# My pen has run out of ink



## Talib

I am translating "my pen has run out of ink" and I came up with: قلمي نفد من الحبر. 

But this doesn't sound right to me. Would it be correct to just say قلمي نفد الحبر? Or is there a different word I should be using?


----------



## Haroon

نفد ما بقلمي من حبر  or  نفد ما في قلم من حبر


----------



## ayed

*نفد حبر قلمي*


----------



## Talib

I don't understand why this different syntax is needed. Is it necessary to place the verb at the beginning?


----------



## AndyRoo

Yes, the verb is usually put at the front.

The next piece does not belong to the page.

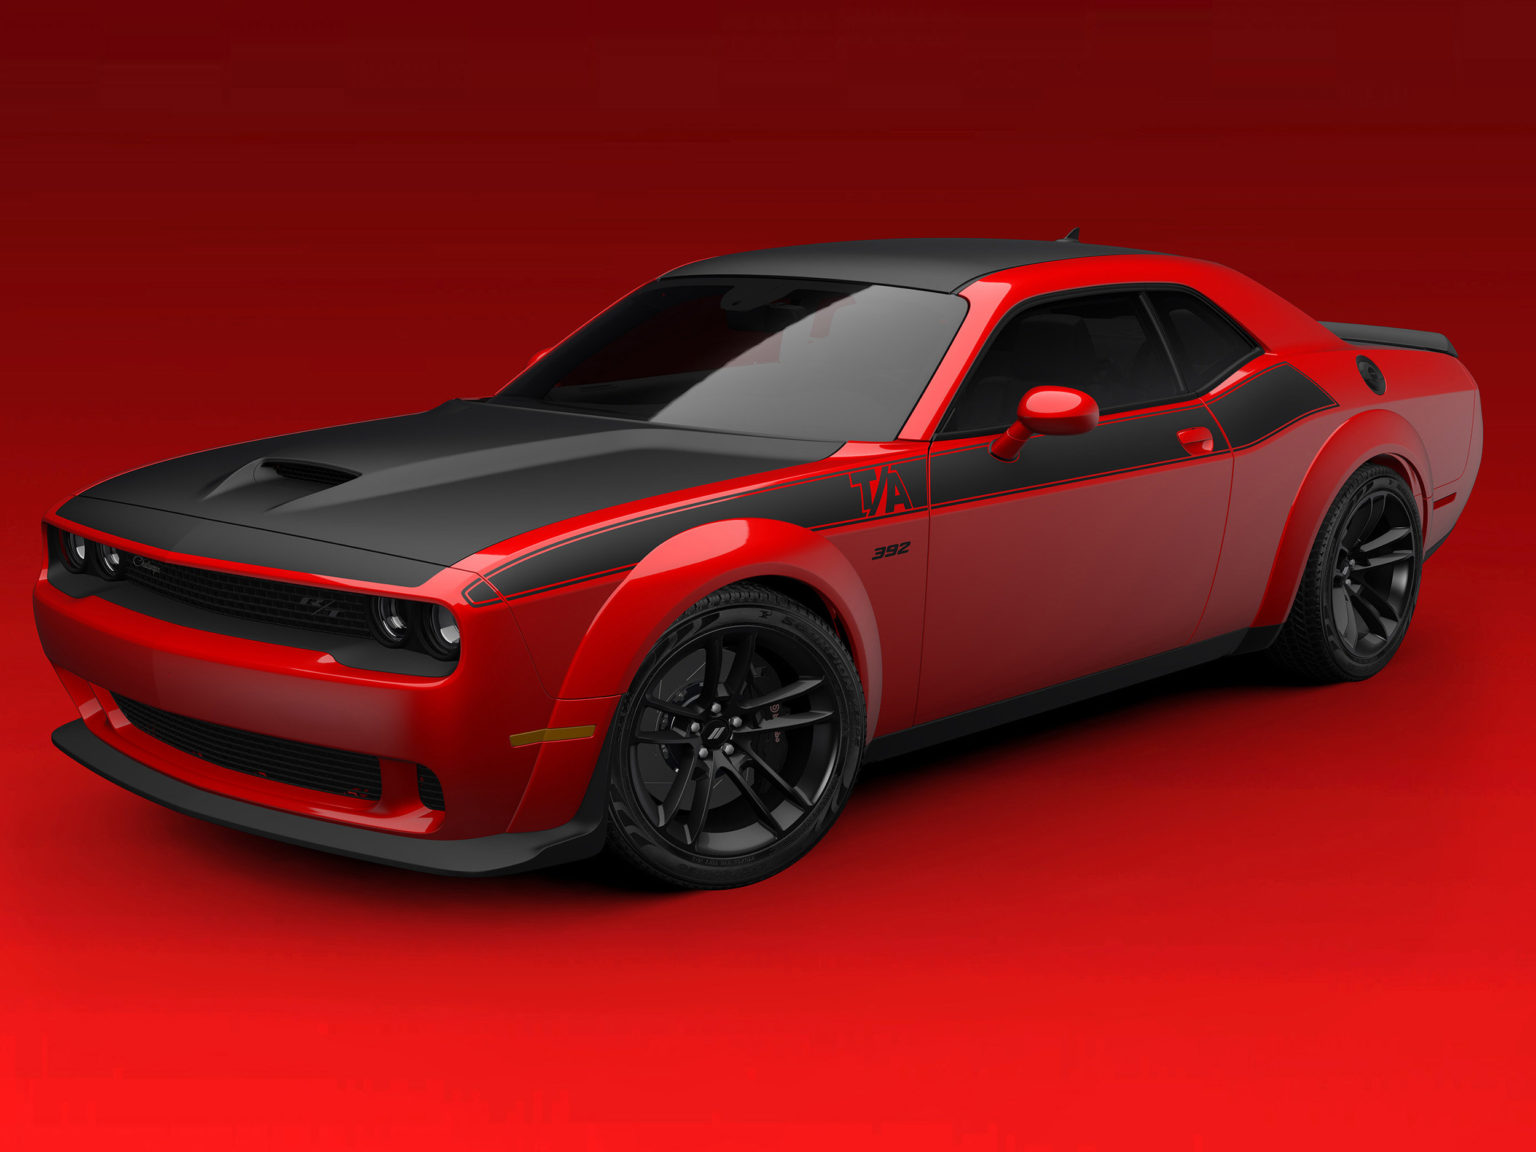 Dodge is extending its widebody styling to more of its lineup.

I think you could also say:

نفد الحبر من قلمي


----------



## n2009

You can start with قلمي and the sentence will be جمله اسميه
so you can say
قلمي نفد حبره


----------



## Talib

Why is it حبر and not الحبر? It's not "an ink."

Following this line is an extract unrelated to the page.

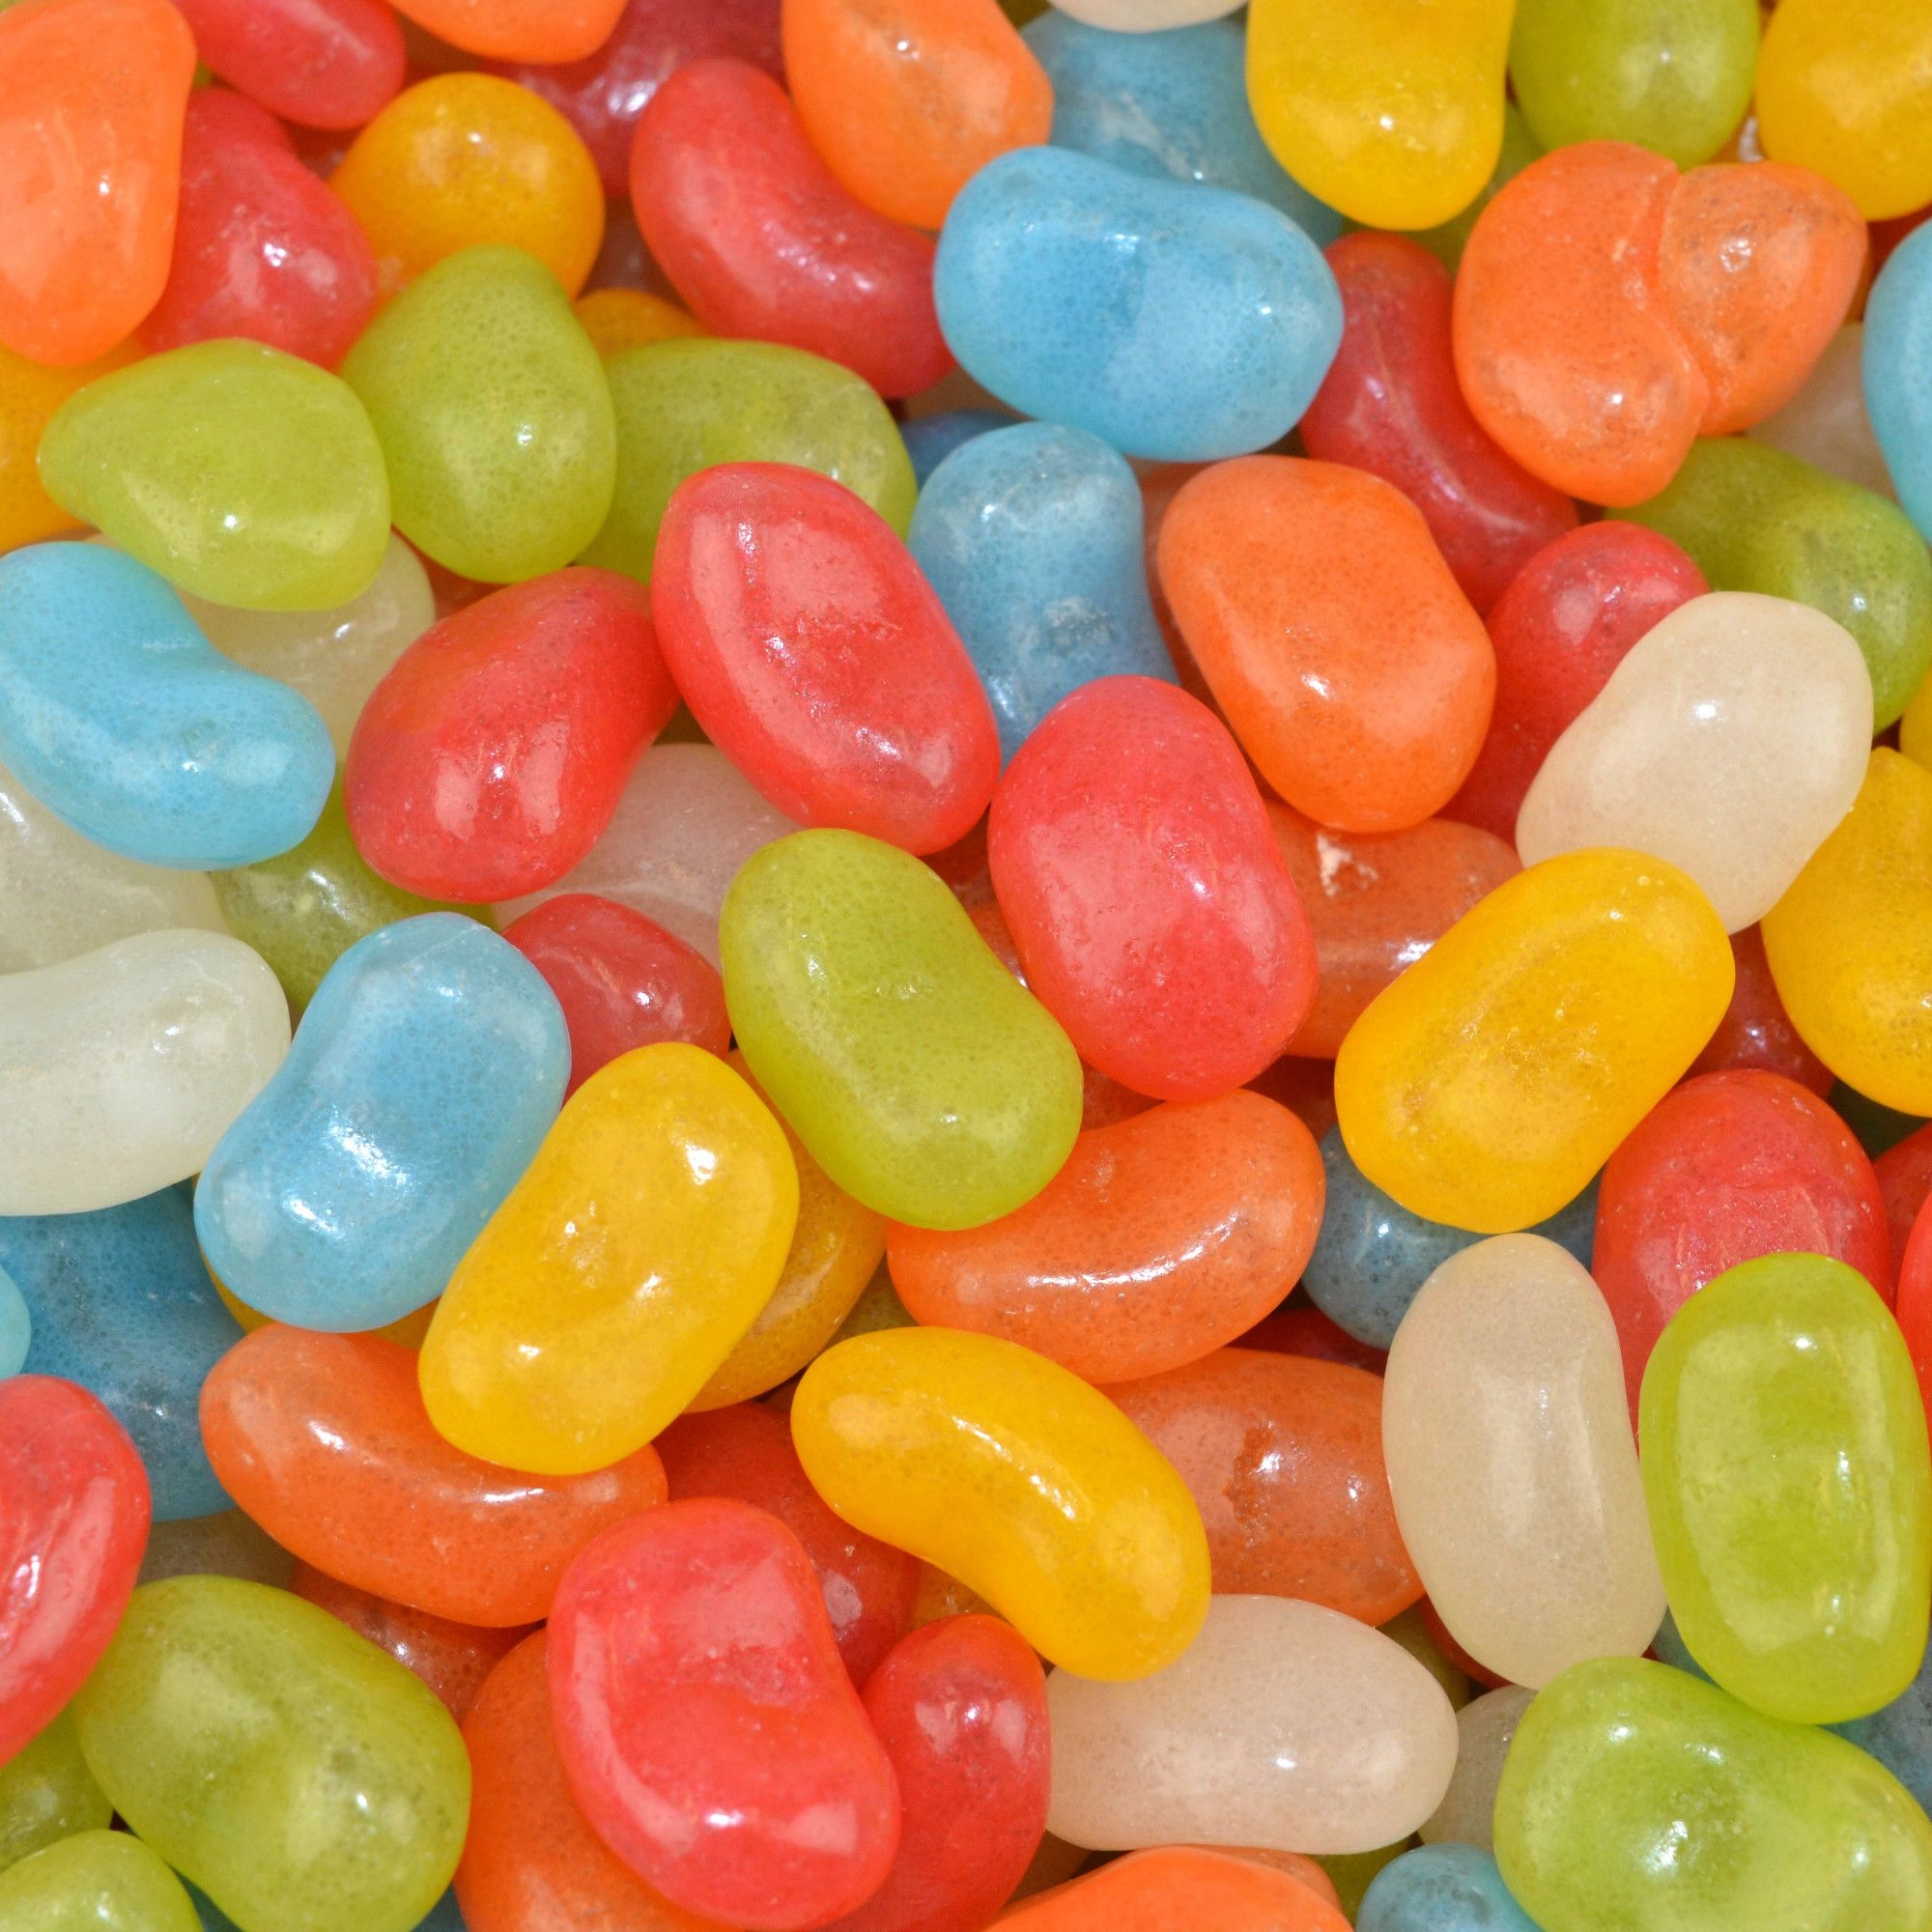 High-end jelly beans, Luxury candy, Premium sweetness, Exquisite confections, 2000x2000 HD Handy

How about: نفد الحبر من قلمي.

There are so many ways to say such a simple phrase!


----------



## xebonyx

Talib said:


> Why is it حبر and not الحبر? It's not "an ink."


 
Because in Ayed's example it's an iDaafa ("ink of my pen"). 



> How about: نفد الحبر من قلمي.
> 
> There are so many ways to say such a simple phrase!


 
Your suggestion is what Andyroo also posted .


----------



## Talib

Oh, now I see.

I didn't see that he had posted that. I came up with it on my own, but if it's correct, great.

But what would be the most natural way to say "my pen has run out of ink"?


----------



## n2009

In slang, you can say 
قلمي خلص حبره أو قلمي فضي


----------



## Talib

I have conferred with a native speaker who says قلمي نفد من الحبر (my original idea) is correct. 

The difference, according to him, is that my example says "my pen ran out of ink" while, say نفد ما في قلم من حبر is more like "my pen has run out of what ink is inside." It's a difference of phrasing.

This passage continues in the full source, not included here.